Right before Christmas last year, I sat in a Washington, D.C., movie theater watching 100 years of nonviolent change flicker before my eyes through the magic of light and celluloid. The opening scenes of documentary filmmaker Steve York’s A Force More Powerful are from the Old Fort prison in Johannesburg, South Africa, where a young lawyer named Mohandas Gandhi is jailed for organizing the Passive Resistance Association, which encouraged non-whites to burn their identity cards. The camera deftly shifts from the outside perspective of the historian to the inside perspective of the prisoner looking out.
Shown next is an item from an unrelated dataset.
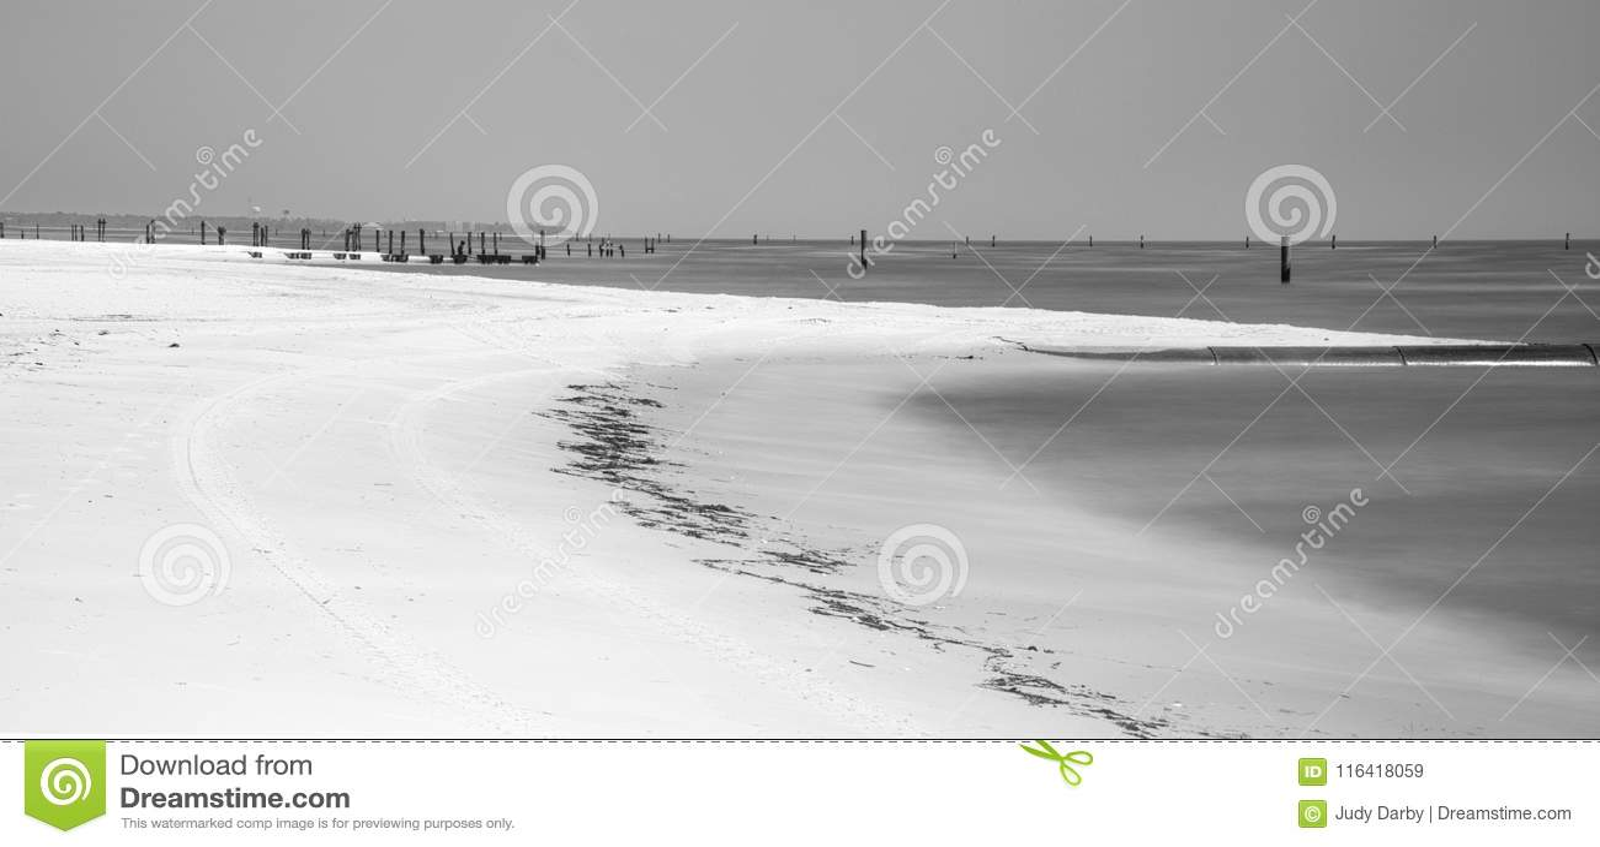 Abandoned beach at Waveland, Mississippi

It is 1907. Gandhi has been following the newspaper accounts of the Russian pacifist revolution for the past two years. Knowing that the Russians previously had attempted to end autocracy through assassination, he believes they have found "another remedy which, though very simple, is more powerful than rebellion and murder"—the mass noncooperation strike. While nonviolent resistance had been used in the previous century, the 150,000 Russians who marched on the tsar’s Winter Palace in St. Petersburg formed the first sustained nonviolent political experiment of the 20th century.
A Force More Powerful is a multimedia project. York wrote and directed the feature-length film and the two documentary programs that will air on PBS in September. His incisive interviews of participants in and eyewitnesses to the 20th century’s nonviolent conflicts—covering the American South, India, South Africa, Poland, Denmark, and Chile—are invaluable source material.